*** Information shown ***
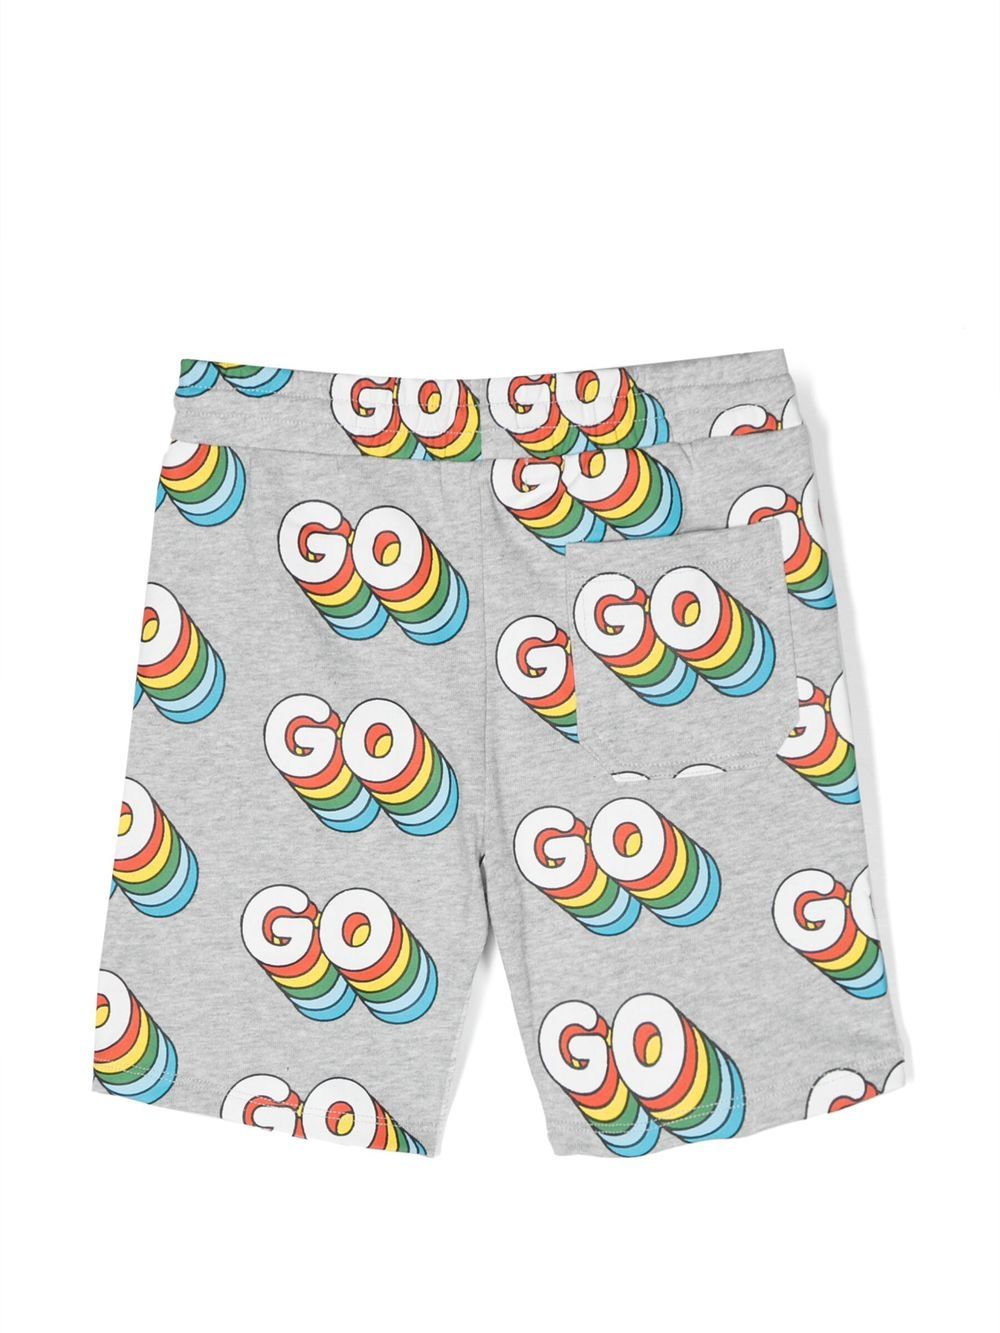 Shorts "GO GO GO"
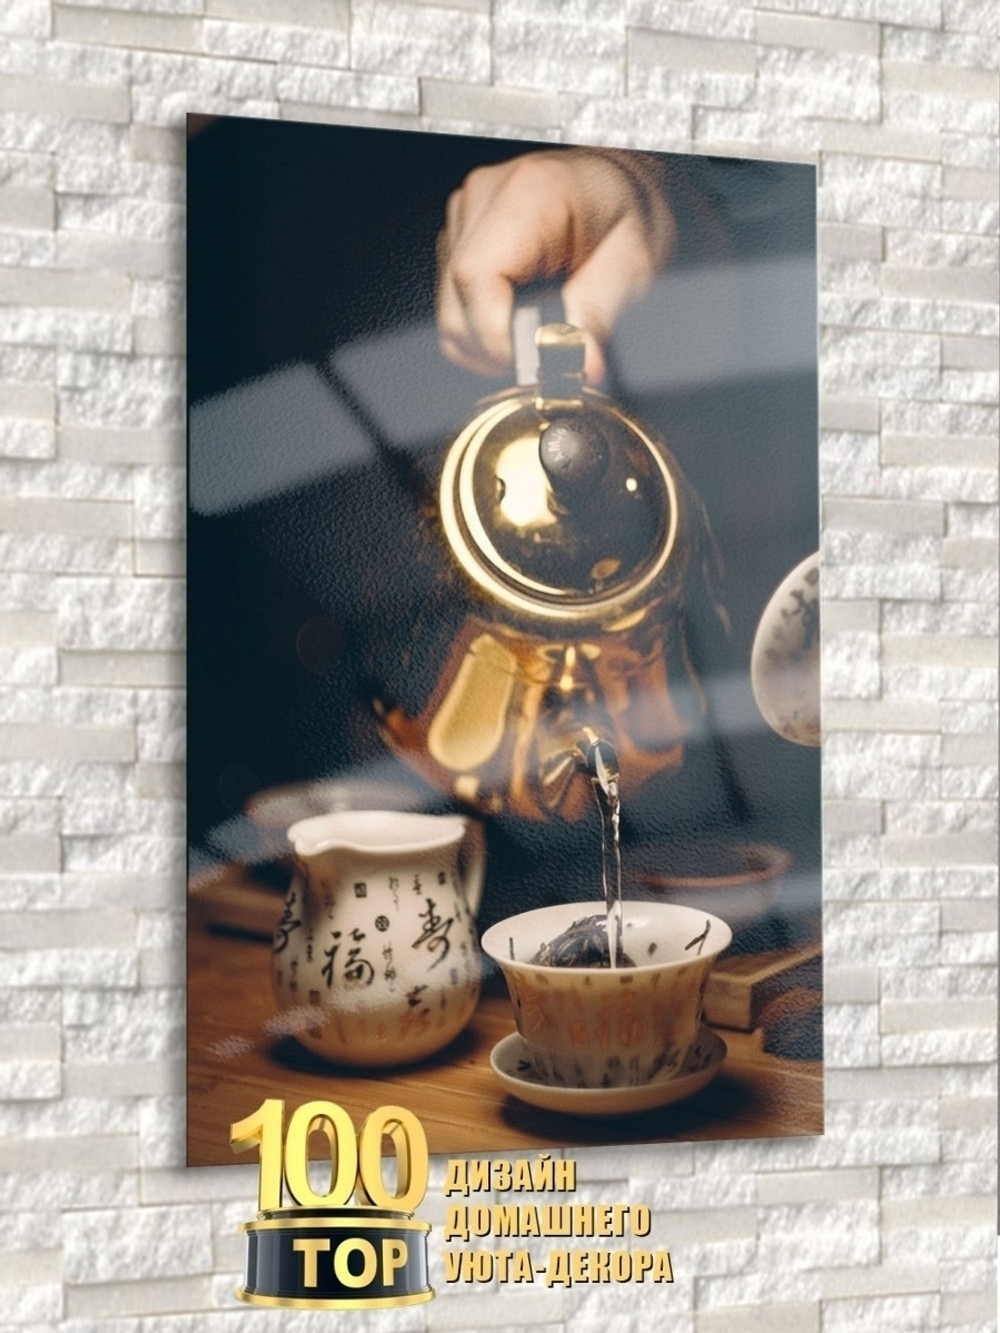 Модульная стеклянная интерьерная картина / Фотокартина на кухню / Чашка чая / Чайная трапеза, 28x40 Декор для дома, подарок
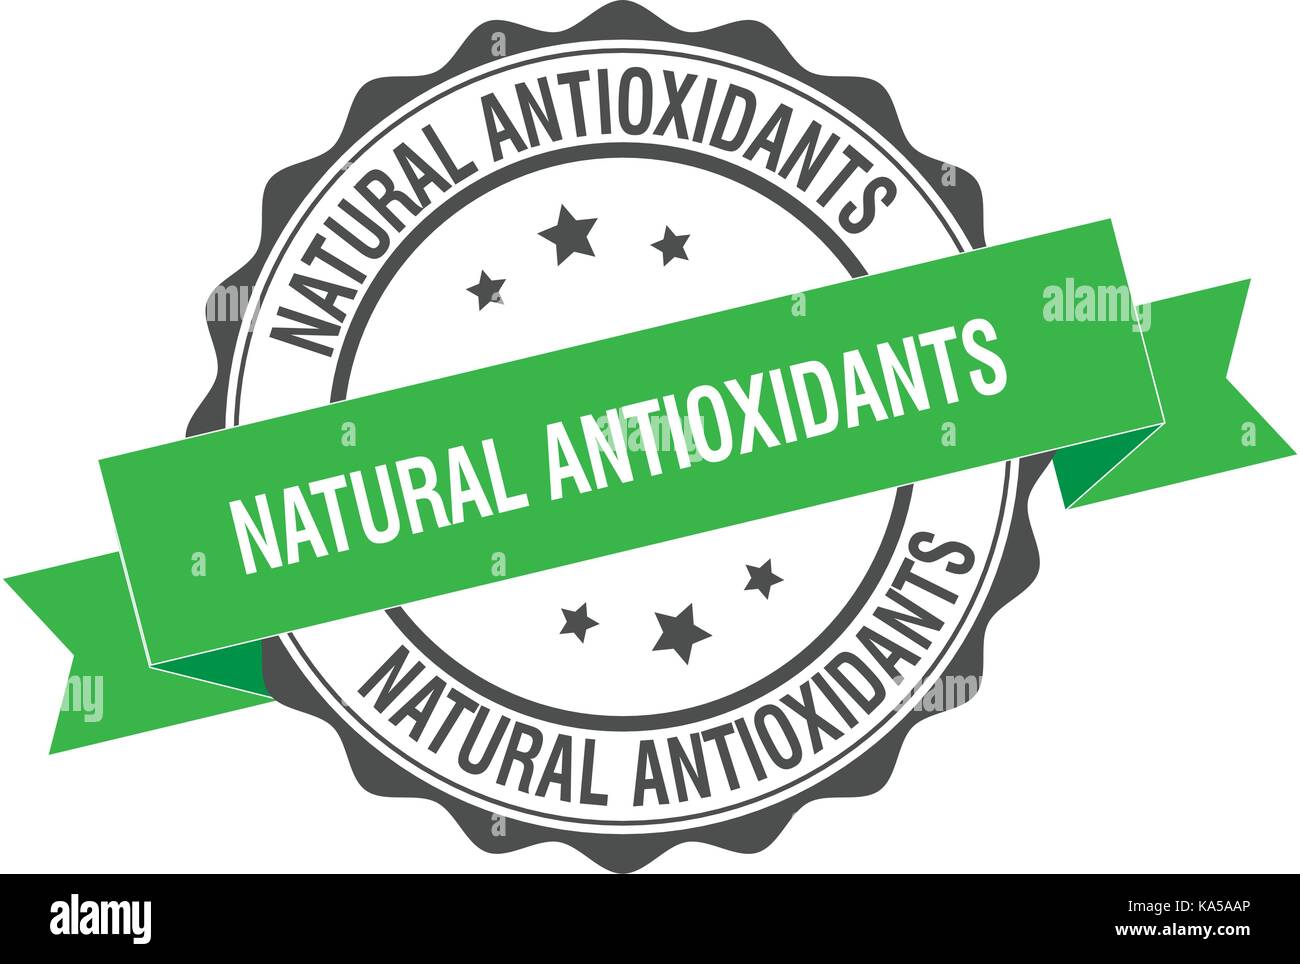 Los antioxidantes naturales ilustración del sello Ilustración del Vector
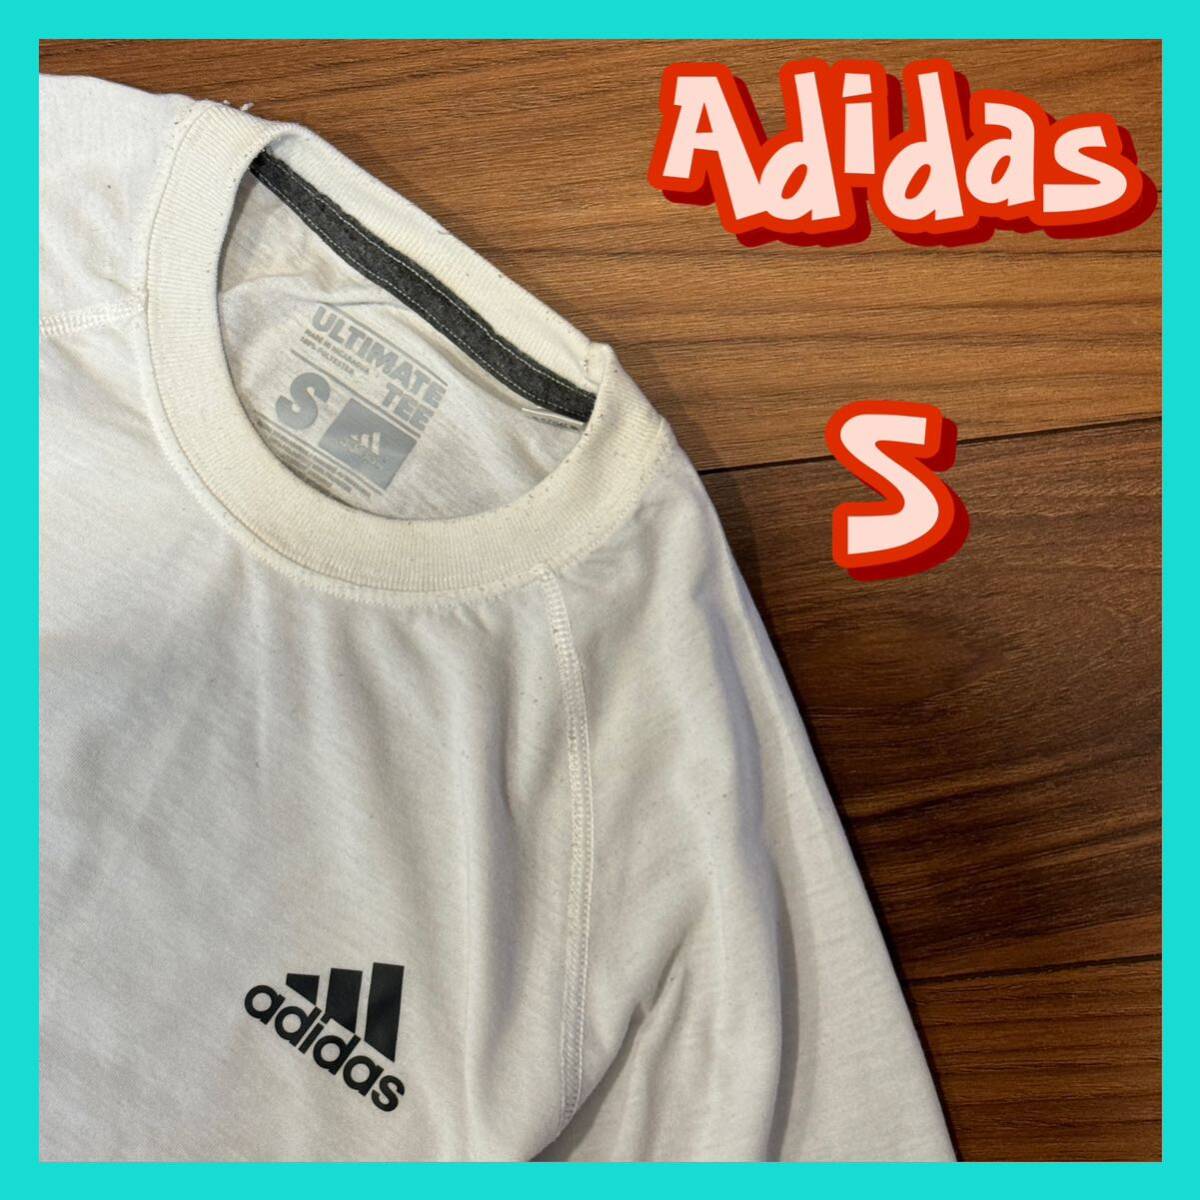 アディダス 半袖Tシャツ S メンズ ホワイト スポーツブランド ブランド古着の画像1
*** End of Information shown ***
**Your goal**
Once the line containing "Модульная стеклянная интерьерная" has been found, write out exactly that line and each one after it through the end of the data, leaving out every picture.

**Exercise answer**
 Модульная стеклянная интерьерная картина / Фотокартина на кухню / Чашка чая / Чайная трапеза, 28x40 Декор для дома, подарок
 Los antioxidantes naturales ilustración del sello Ilustración del Vector
 アディダス 半袖Tシャツ S メンズ ホワイト スポーツブランド ブランド古着の画像1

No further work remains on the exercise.